3. Open the `notebook_to_codebase.ipynb` for instructions on how to convert a typical notebook to structured codebase.******

### iii New Tools and Libraries

- MLFlow and WandB: We will use this to track and log our experiments.
- pipreqs: For dependencies and requirements handling.
- ruff: For Code refactoring.
- Omegaconf and hydra: These two will be used to manage our configuration files.
- torch, tensorflow and sklearn: Will be use to train, finetune and evaluate our models

**<H1 style="text-align:center;">  Start of the Experiment</H1>**

**Step 1** (Optional)
   - Move data loading code to `src/data.py`.
   - Place model architecture code in `src/models.py`.
   - Place model training code into `src/train.py` and `src/trainer.py`.
   - Place model evaluation code into `src/evaluate.py`.
   - Place image prediction code in `src/test.py`.
   - Place utility functions into `src/utils.py`.

**Step 2** (Optional)
   - You will now learn how to extract dependencies and create a requirements.txt file.
   - Install pipreqs using pip
   - In your terminal, navigate to the root folder (just inside Ehealth-Tutorial) and run `pipreqs .`.
   - This creates a `requirements.txt` file for you which you can use to install the dependencies with the command in section i.

**Step 3** (Optional)
   - Here you will learn how to refactor a codebase.
   - Go back to each file, you will notice that the lines, spacing, and tabs are not well structured. We will use `ruff` to fix that!
   - Use pip to install `ruff`
   - Use the command (in the terminal inside Ehealth-Tutorial) `ruff format .` to refactor your codebase.

**Step 4**
   - Run your first experiment!!!
   - Create two folders in the root diectory, ```checkpoints``` and ```metrics```. if they don't already exist.
   - In the terminal or command prompt, Navigate into the source directory ```src```.
   - Start the mlflow server ``` mlflow server --host 127.0.0.1 --port 8080```
   - In another terminal or command prompt, Navigate into the source directory ```src```.
   - Run the experiment ```python train.py```

**Step 5**
   - To run your second experiment, modify the parameters.
   - Note: You can do this directly from the command line.
   - You can try ```python train.py model.model_name=mobilenetv3 train.batch_size=32 train.epochs=2 ```
   - You can train multiple experiments depending on how much time you have.

**Step 6**
   - Use mlflow to visualize your experiments.
   - In your command line, run ```mlflow ui``` and click on the url to open the UI in your browser.

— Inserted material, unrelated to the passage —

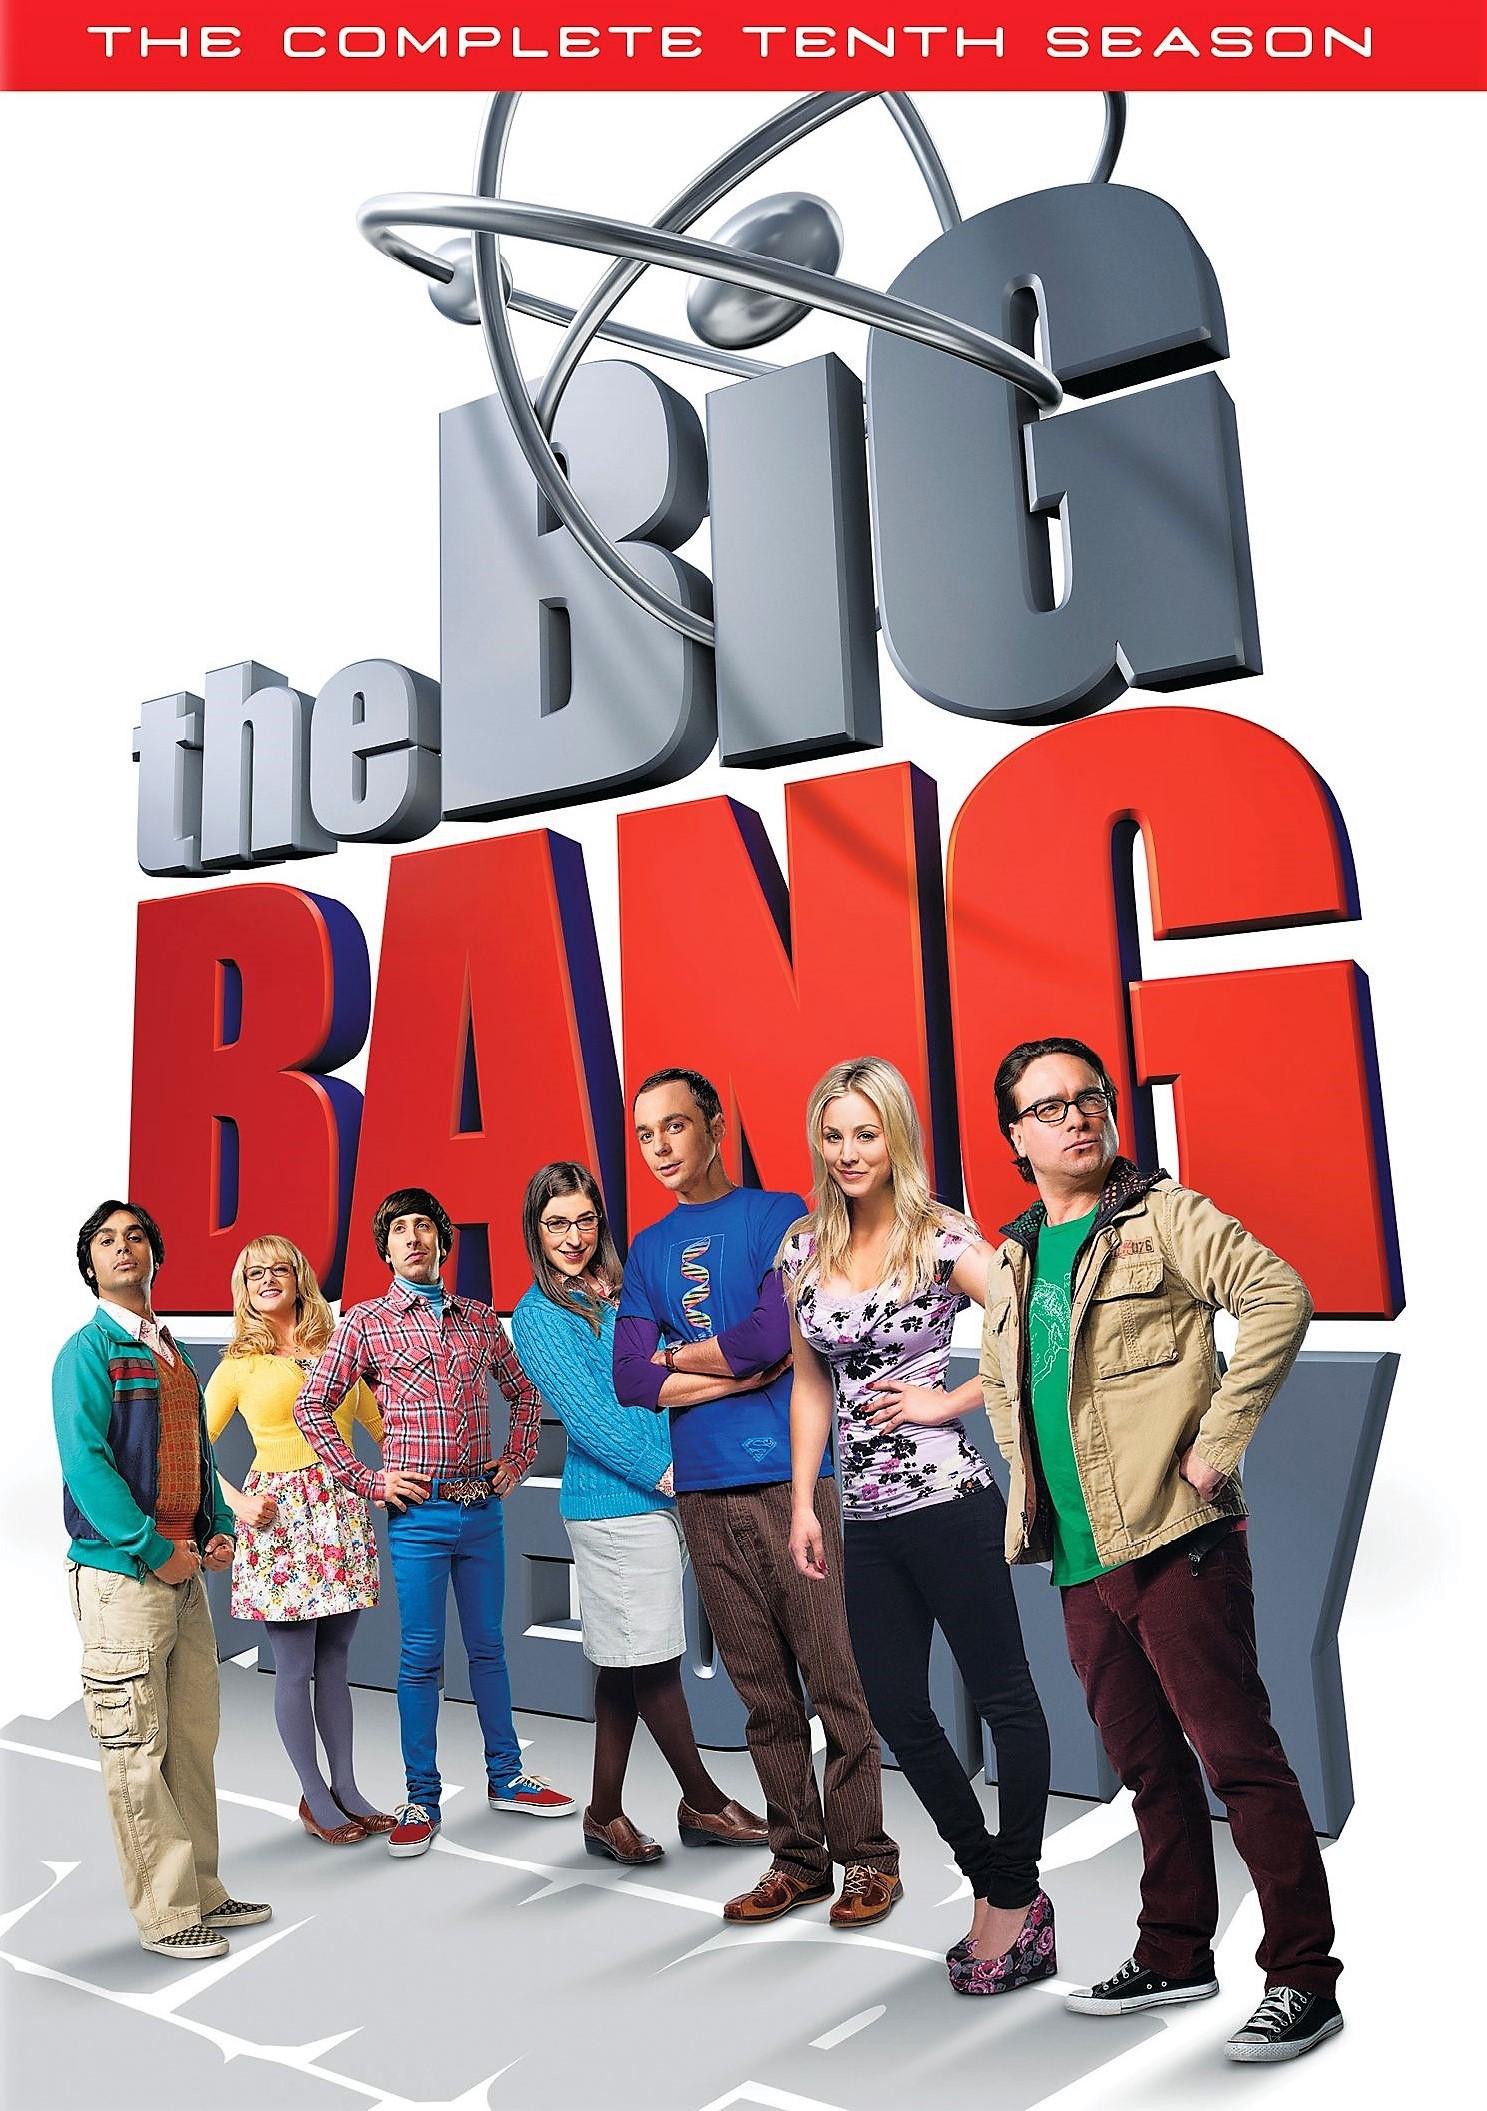 The Big Bang Theory S10 + Extras x265 10Bits 1080p

**<H2 style="text-align:center;">  Using a Linux GPU Server (optional)</H2>**

We will be using an online server as we do not have access to a physical one. To do this, we will need to create an account on ```RunPod```

**Step 1**
   - Visit https://www.runpod.io/ and create an account. 


**Step 2**
   - Setup credentials to access runpod remotely.
   1. Create a key pair in a terminal window as follows: ```ssh-keygen -t ed25519```
   2. Get your public key (you can use the following command if you used the defaults) ```cat ~/.ssh/id_ed25519.pub``` for windows or ```type %USERPROFILE%\.ssh\id_ed25519.pub``` for mac and linux
   3. Copy your SSH key to the runpod server. See Image below.
      ![Image Description](sshkey.png) 

**Step 3**
   - On runpod, go to ```home -> Gpu-cloud``` and select the cheapest Nvidia machine.
   - The default image container is pytorch so leave as it is.
   - Check the ```ssh terminal access``` and click deploy.
   - Wait a few seconds, click ```connect``` and copy the ```ssh over exposed TCP``` code.

**Step 4**
- On Vscode use ```ctrl + shift + p``` to open the command pallete.
- Select ```Remote-SSH``` and then ```add new ssh host```.
- Paste the ```ssh over exposed TCP``` code and enter. (You should see a pop up saying 'Host added!').
- Type ```ctrl + shift + p``` and add the IP address associated with your TCP code (an example is 69.30.85.70).
- Open terminal and clone the Ehealth Git Repo.
- You should be able to run your experiments just as you did with your local device.